Segment Open
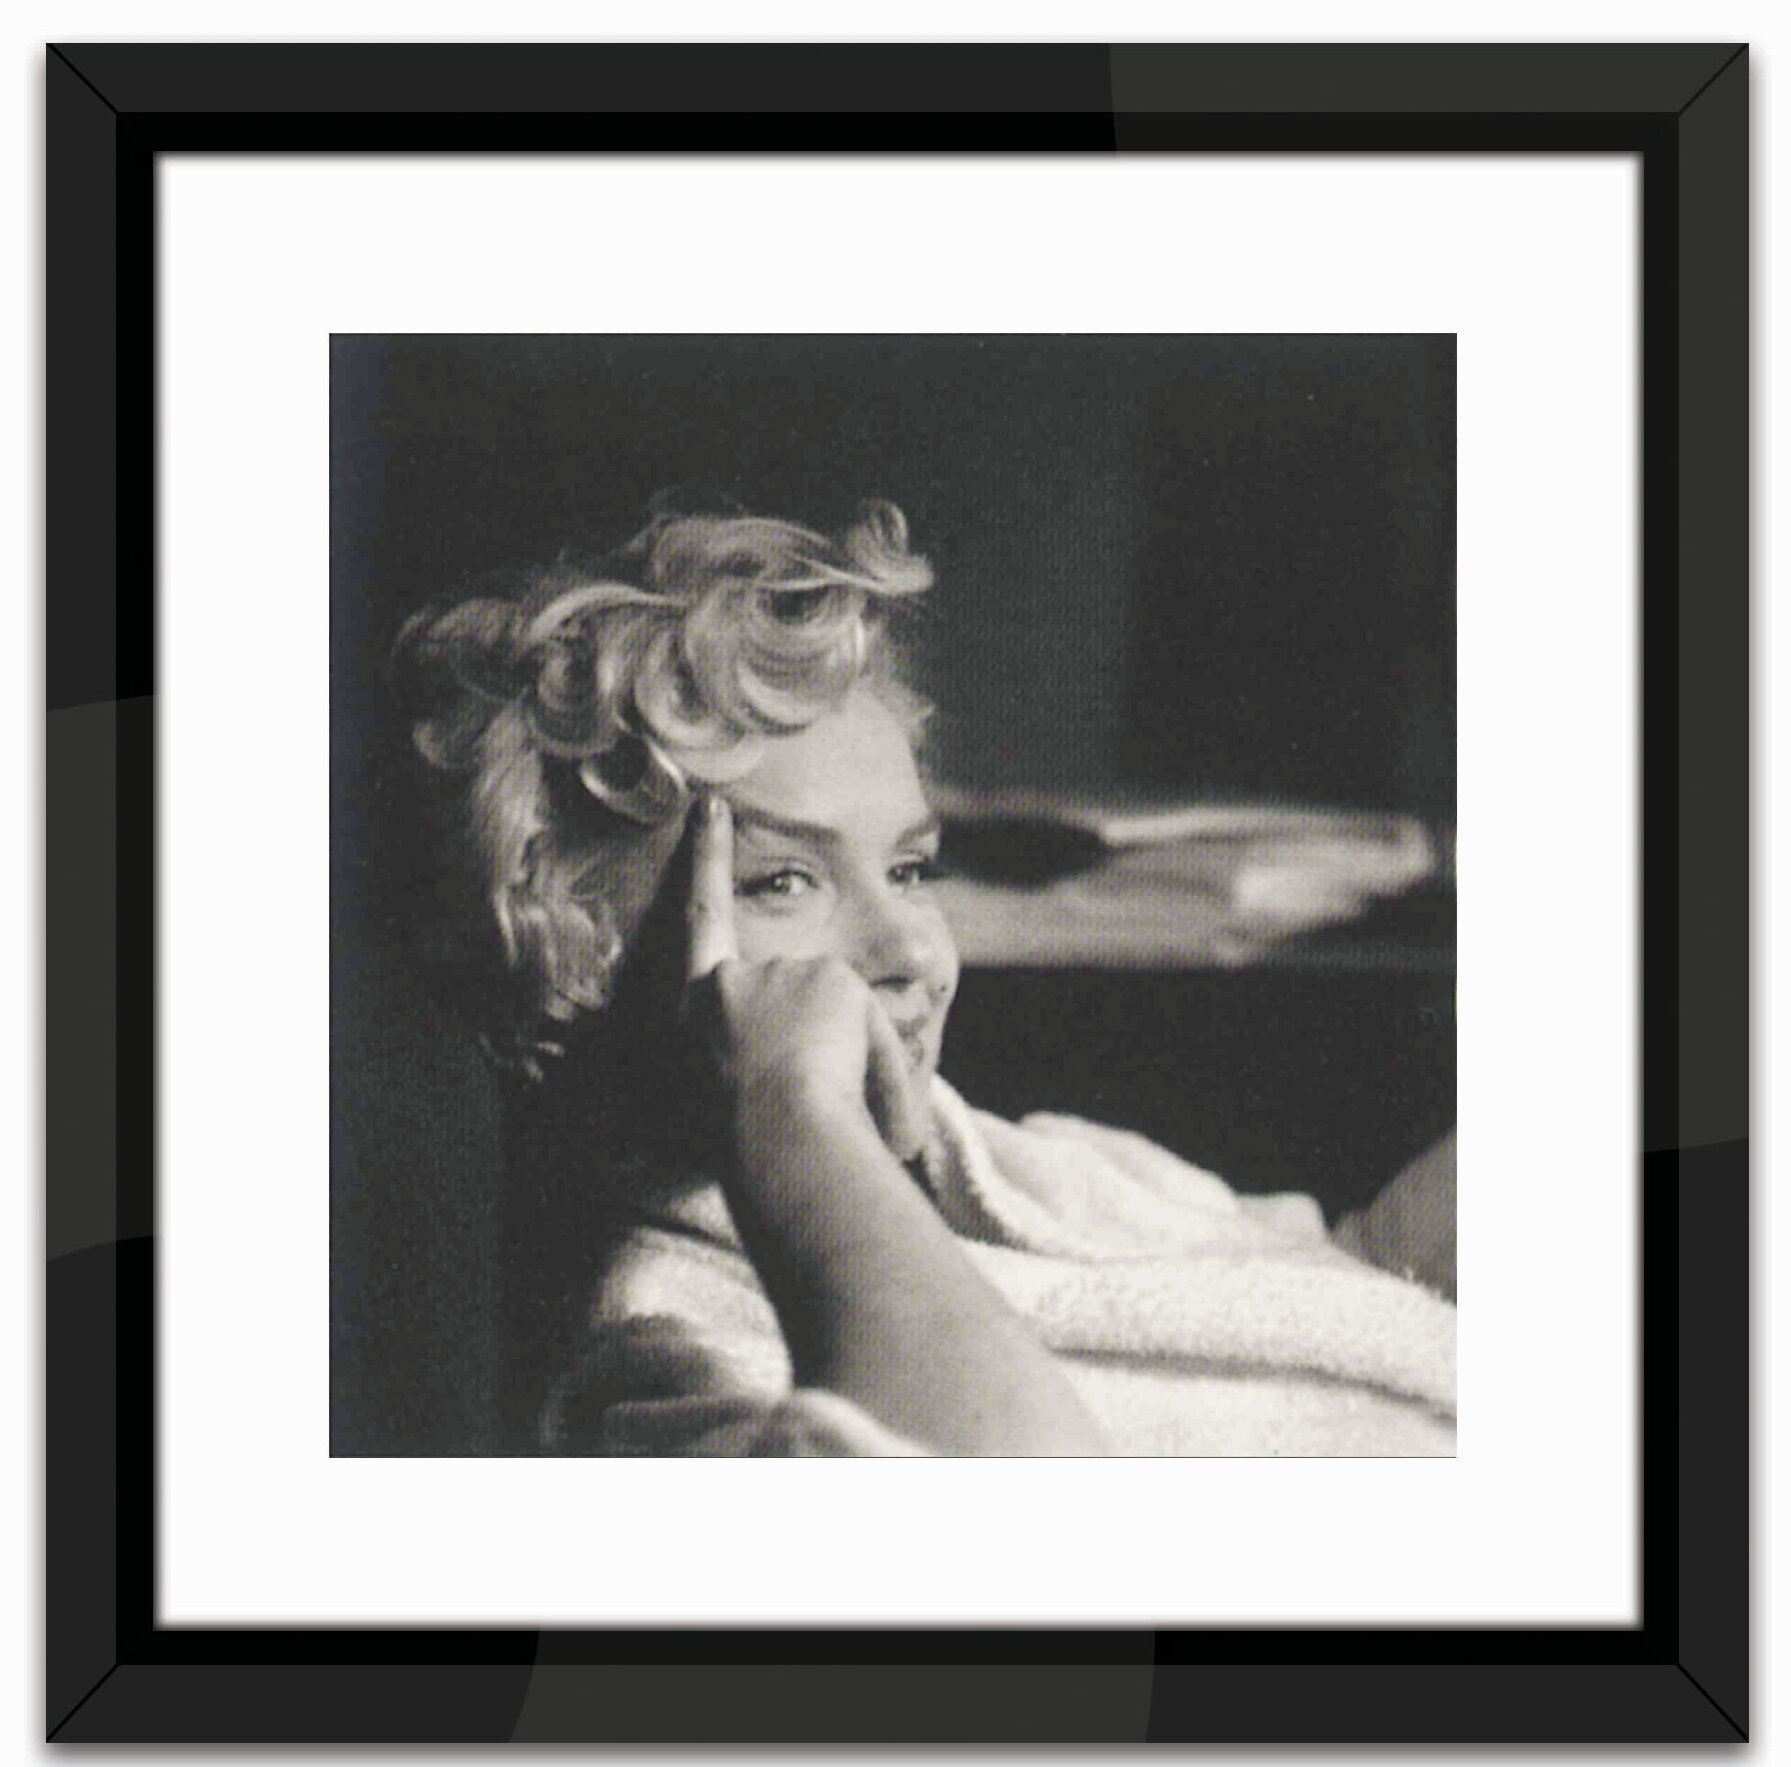 Marilyn Monroe in Stockings Star Poster
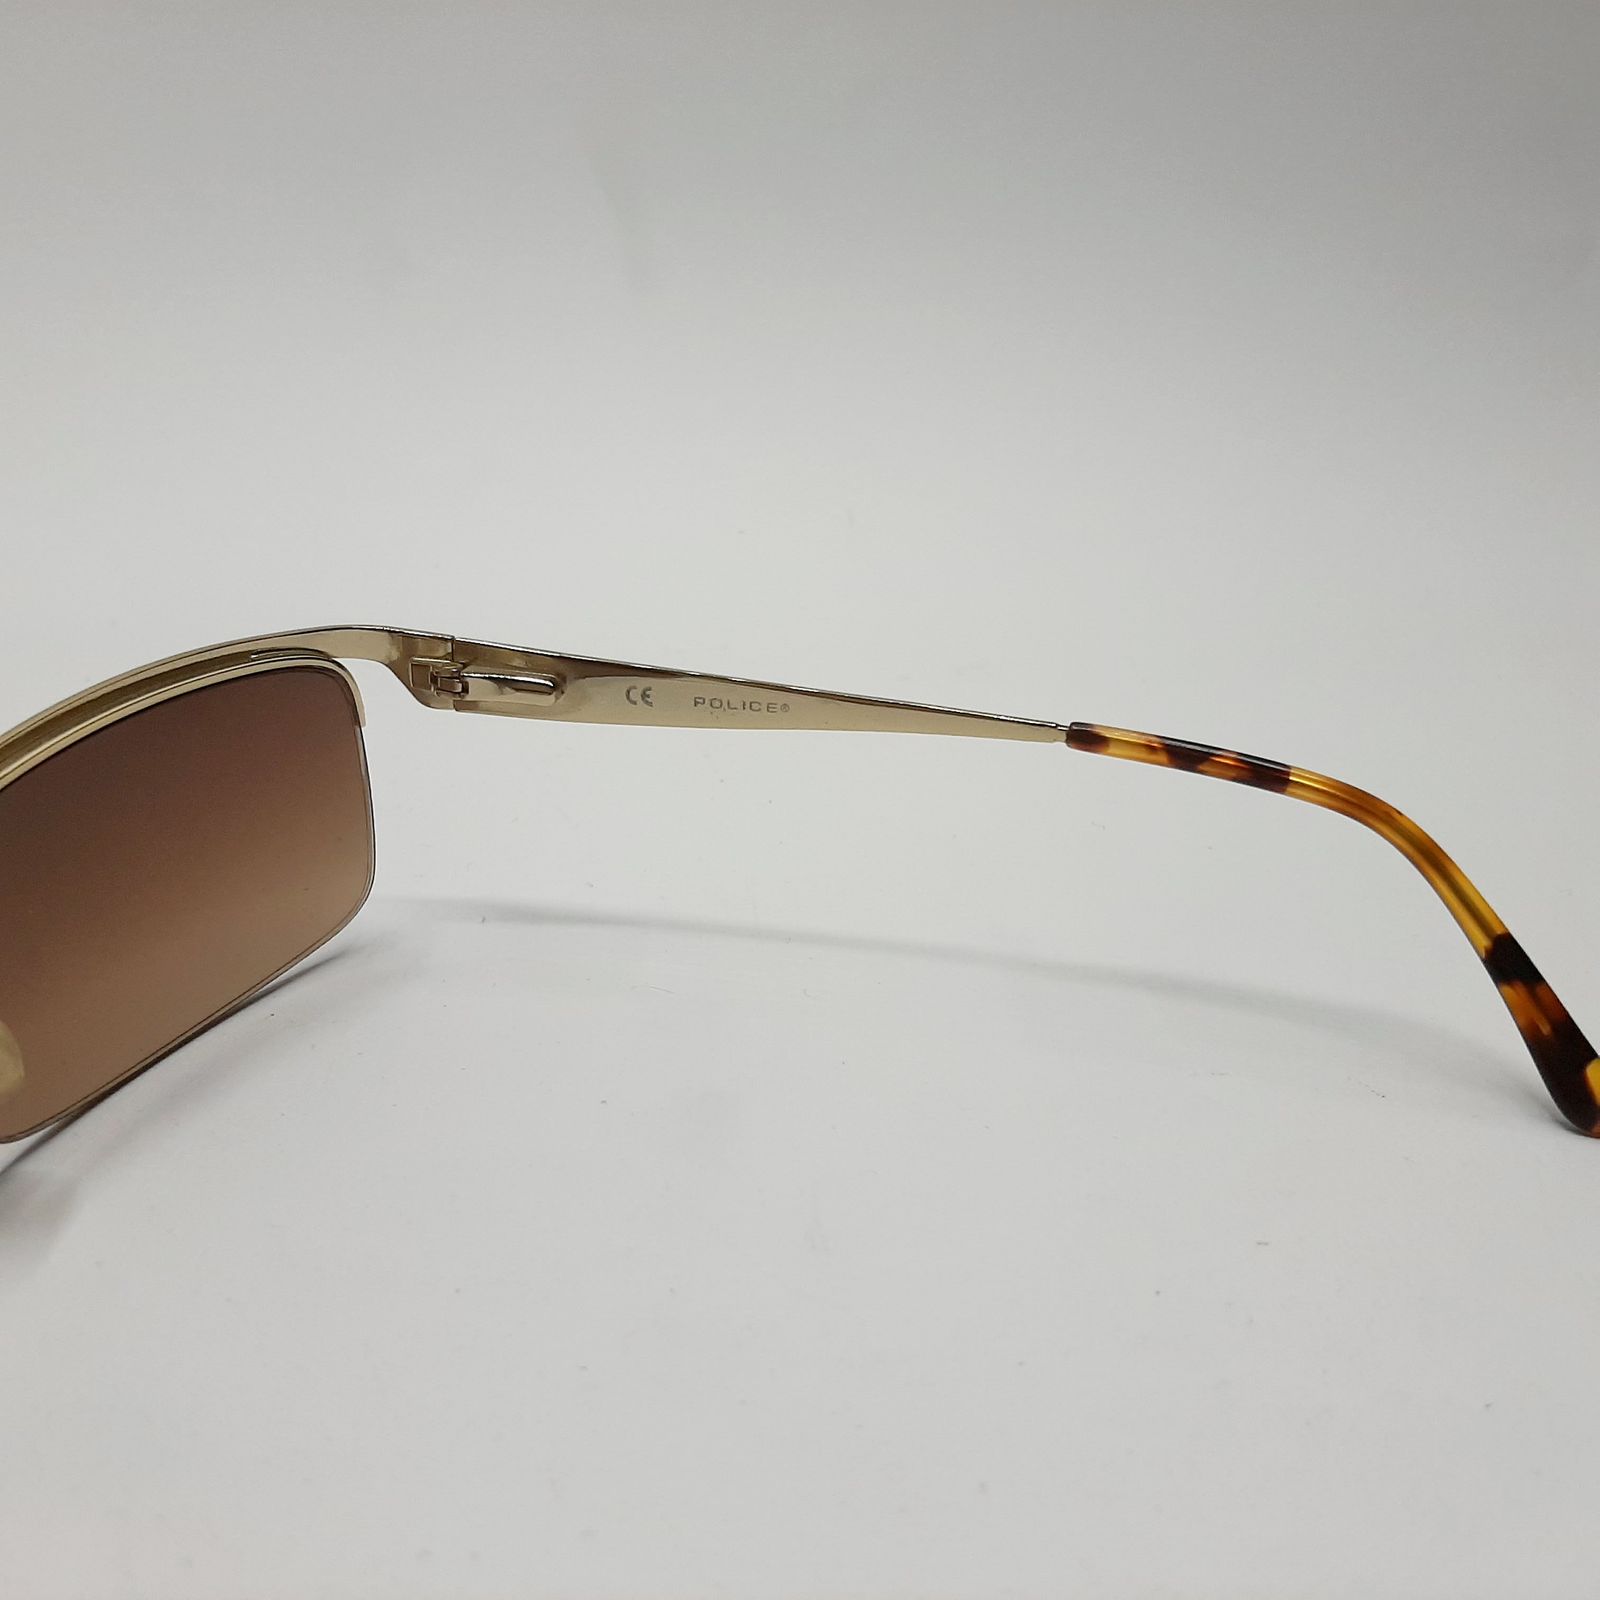 عینک آفتابی پلیس مدل S8405c3 -  - 7
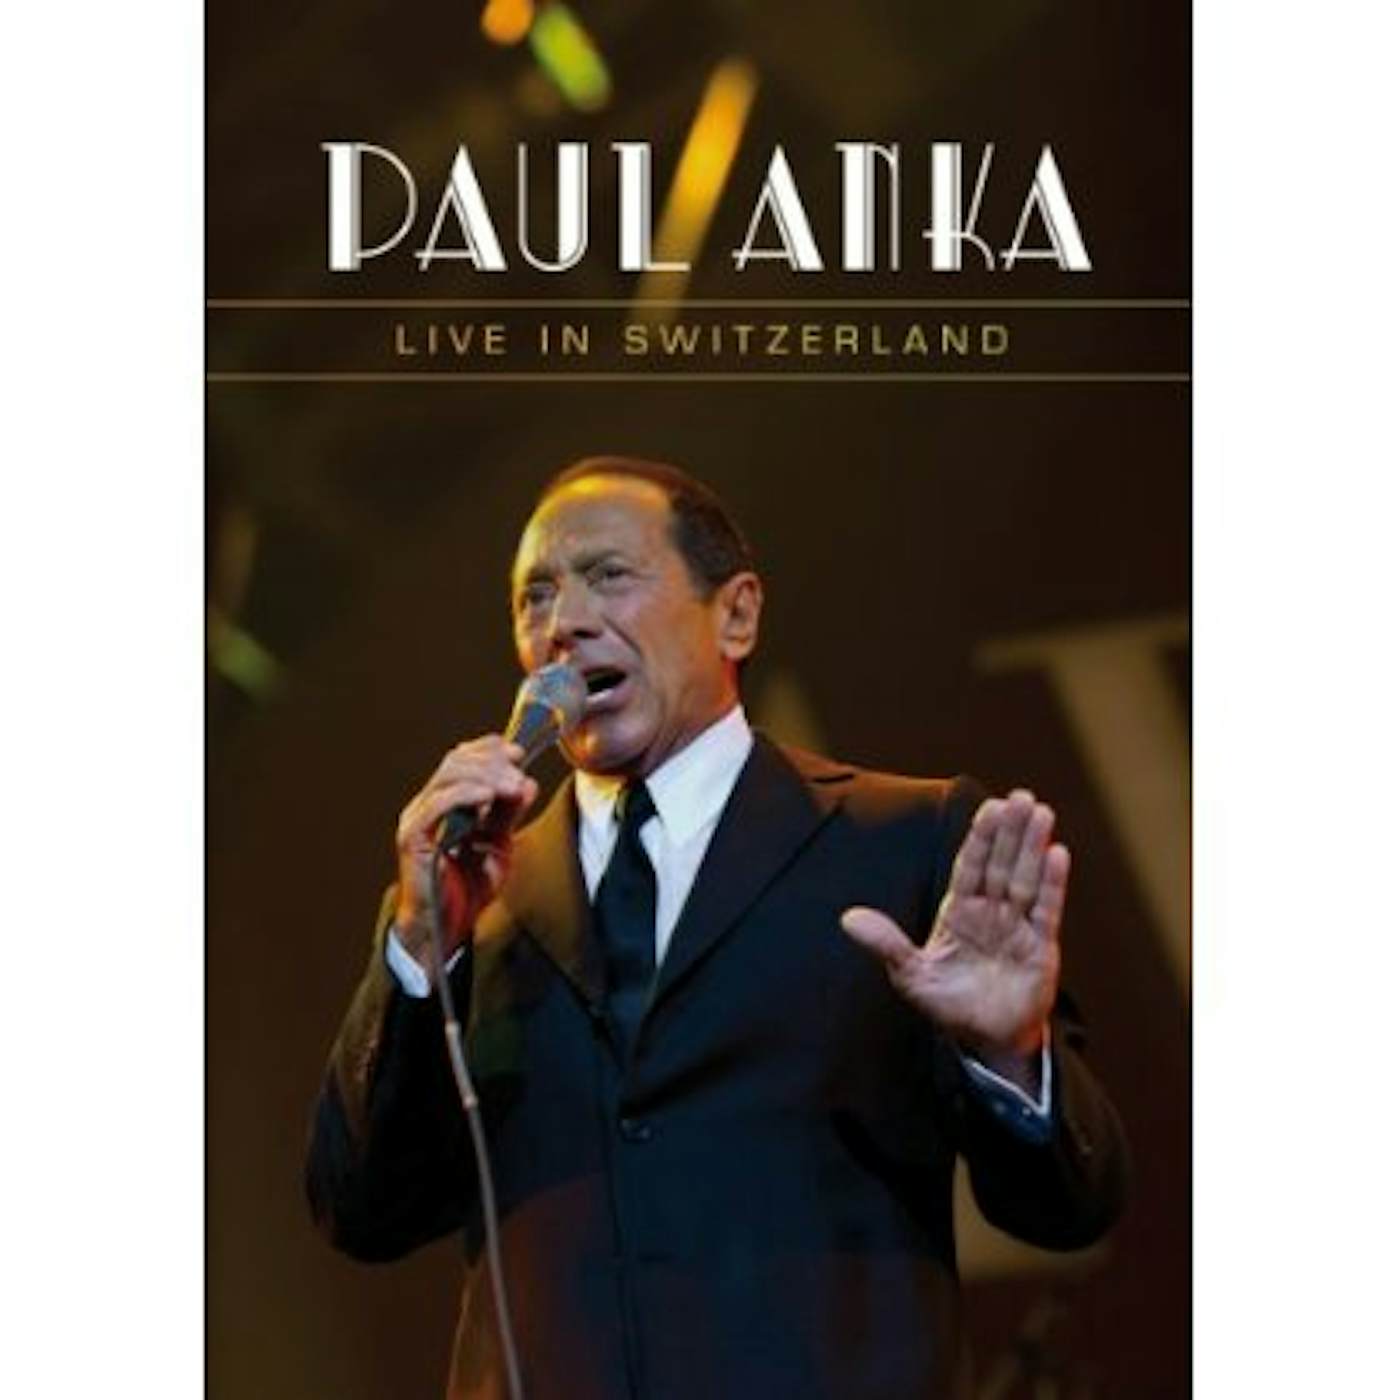 Paul Anka LIVE IN SWITZERLAND DVD
Segment Closed
*Exercise brief:*
Each line from the one containing "عینک آفتابی پلیس" through the last line above should be retyped exactly, and no other line. Any picture is to be left out.

*Task answer:*
 عینک آفتابی پلیس مدل S8405c3 -  - 7
 Paul Anka LIVE IN SWITZERLAND DVD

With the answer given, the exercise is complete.